There is affection in his eyes, and a wanting that spreads warmth through me, thawing a dark place within me I wasn’t really aware was frozen.

He’s the opposite of my dad. Kind. He stays.

He fights for people. Helps. He’s seen me at my nuttiest, and he still wants me.

And there can’t be deal-breakers worse than the ones I’ve already seen out of him.

He brushes a strand of my hair over my shoulder and leans down to plant a gentle kiss on my cheek.

It’s a beautiful day.

My phone vibrates. I reach for it, glancing to read the text. My jaw drops.

Jack lifts his hand off the nape of my neck. “Everything okay?”

I gnaw at the corner of my lip, debating telling him. “It’s Avery. He’s wondering what I’m doing this afternoon. Because he’s…um… He and Anna are eloping.”
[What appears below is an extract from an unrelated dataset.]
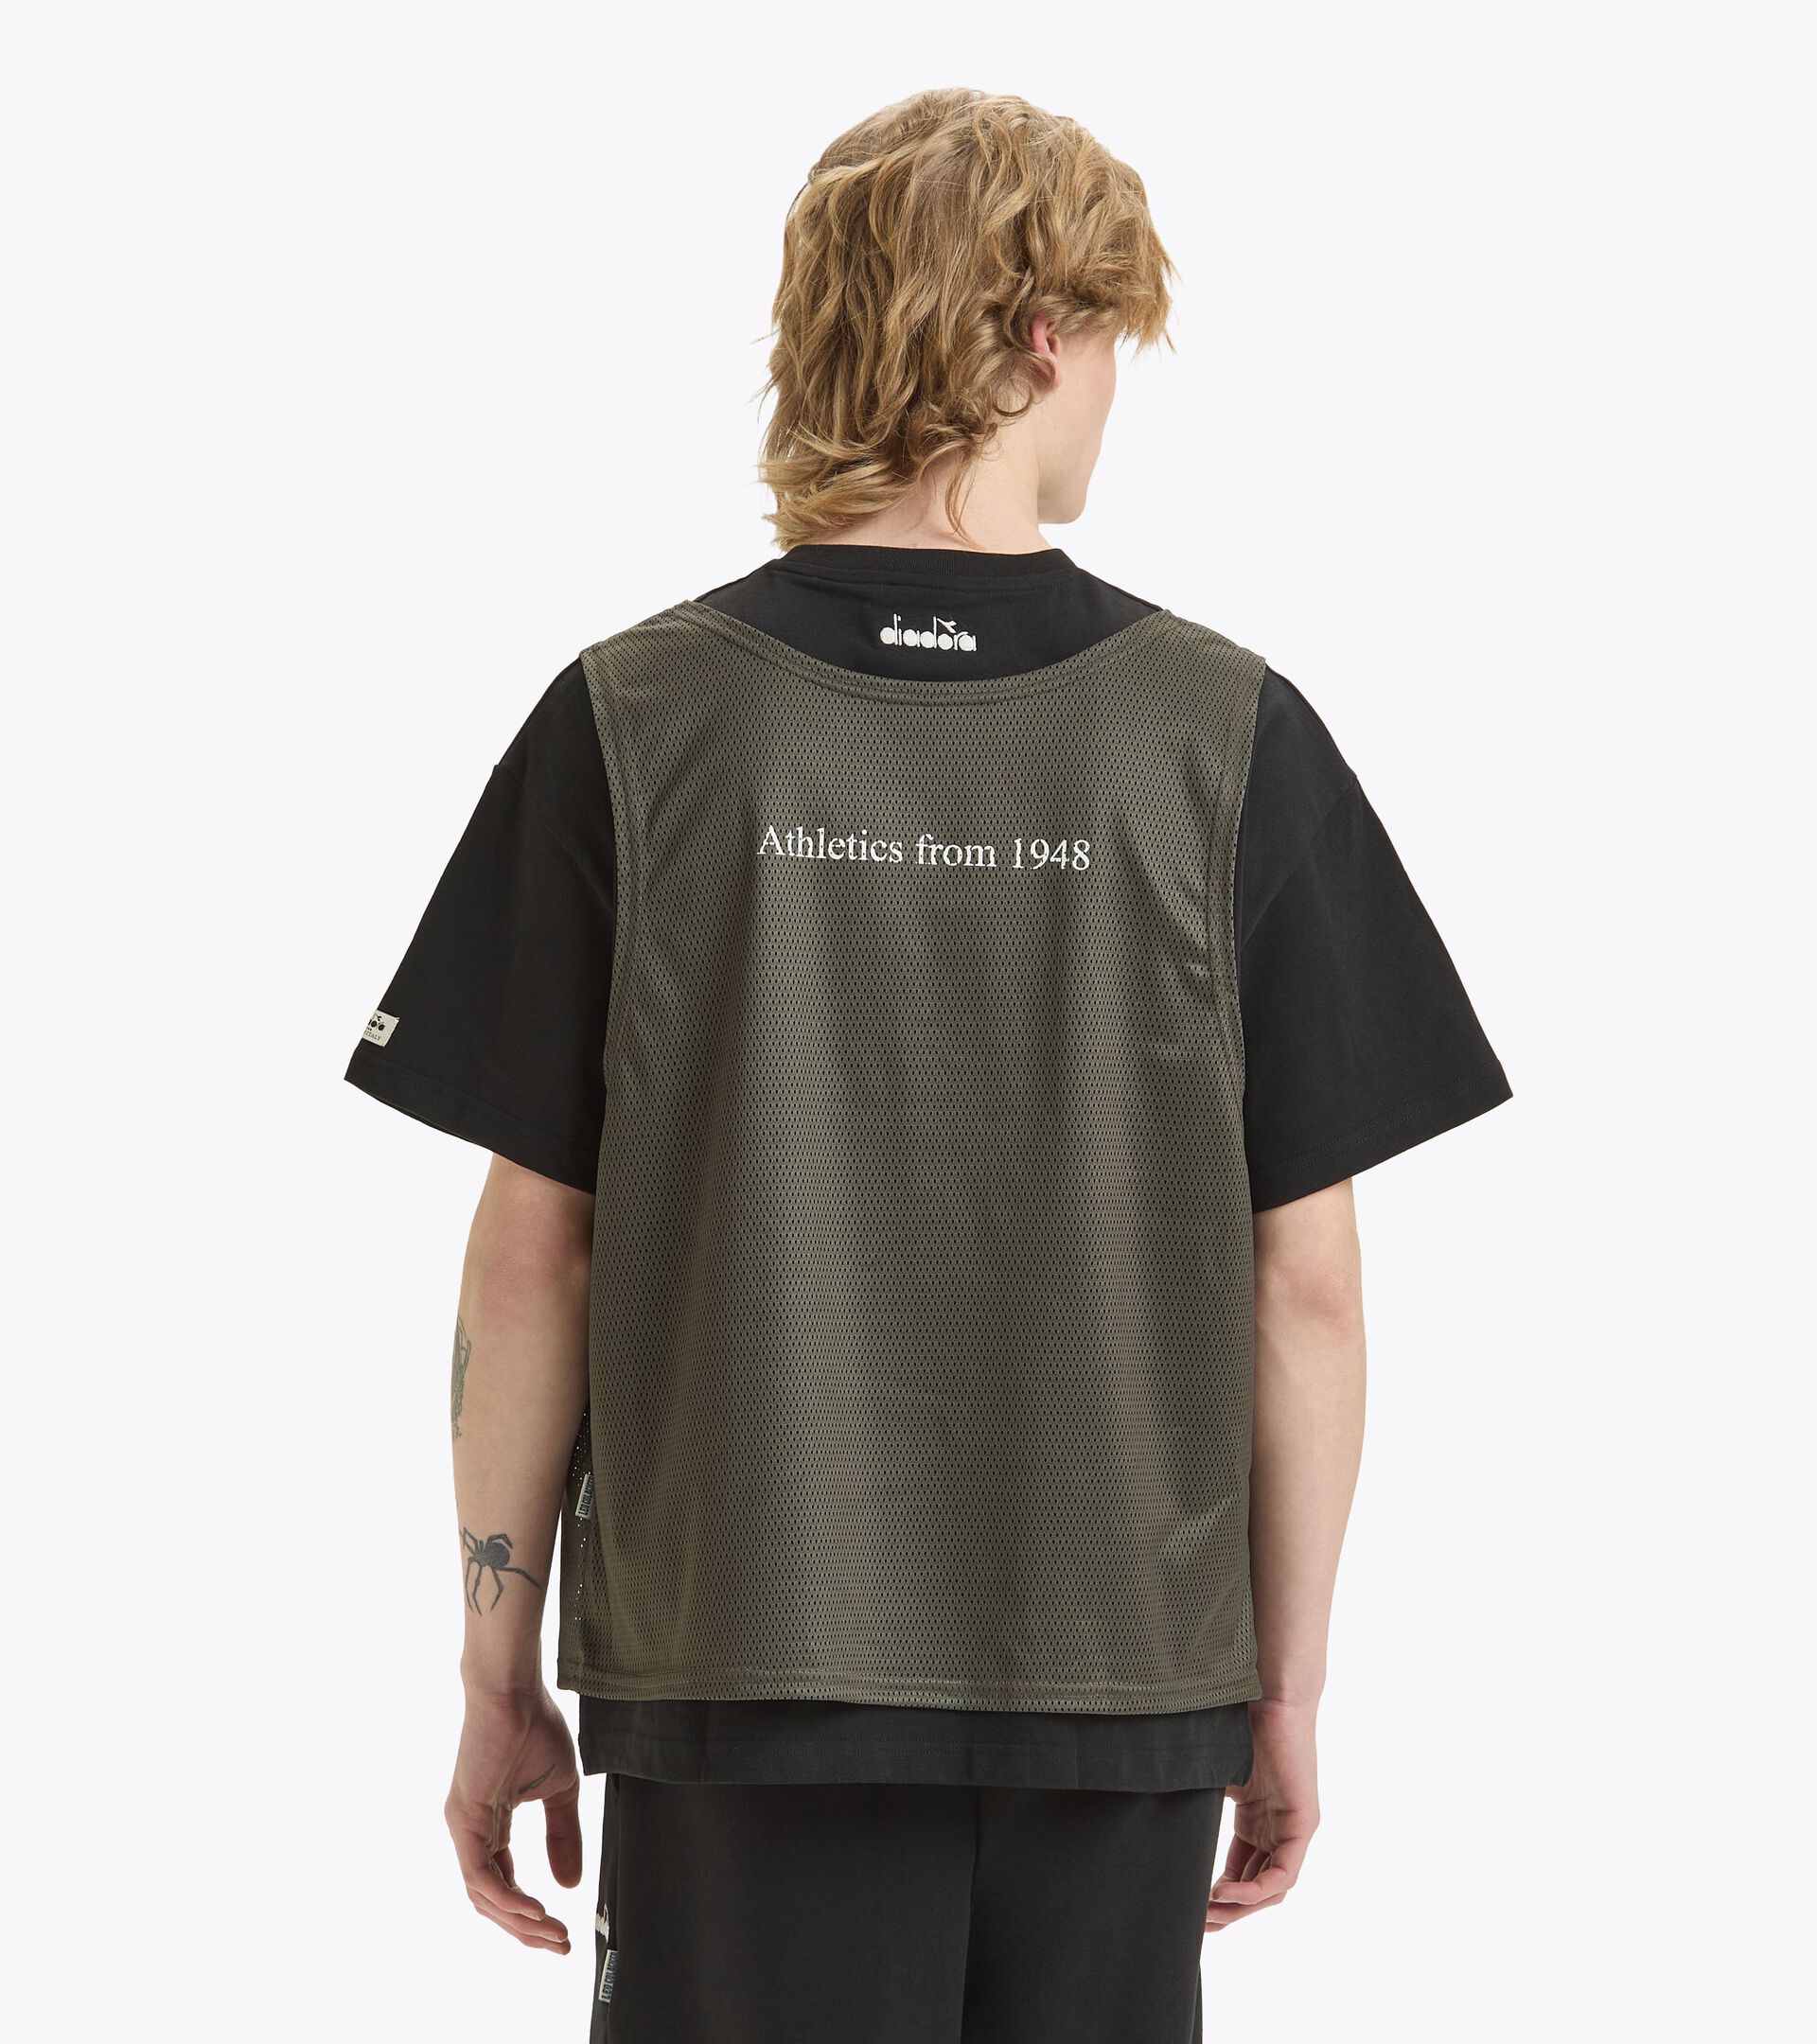 T-shirt e canotta 2 in 1 - Made in Italy - Gender Neutral
 T-SHIRT SS 2-IN-1 LEGACY VERDE KIWI - Diadora

Jack pushes back from the table. “It was nice meeting you all. We need to go.” He stalks in the direction of the car, and I leap to my feet, weakly explaining why we’re leaving so abruptly.

I hug my mom with a promise to come down again and talk some more, then wave bye to Brian, Sarah, and Monica.

“Wait.” I rush to hop into the passenger side, briefly concerned he might leave me behind if I delay him. “What’s wrong?”

“What’s wrong?” He reverses out of the driveway, sending shells skittering across the street. “There’s no way my sister is marrying your fucking friend.”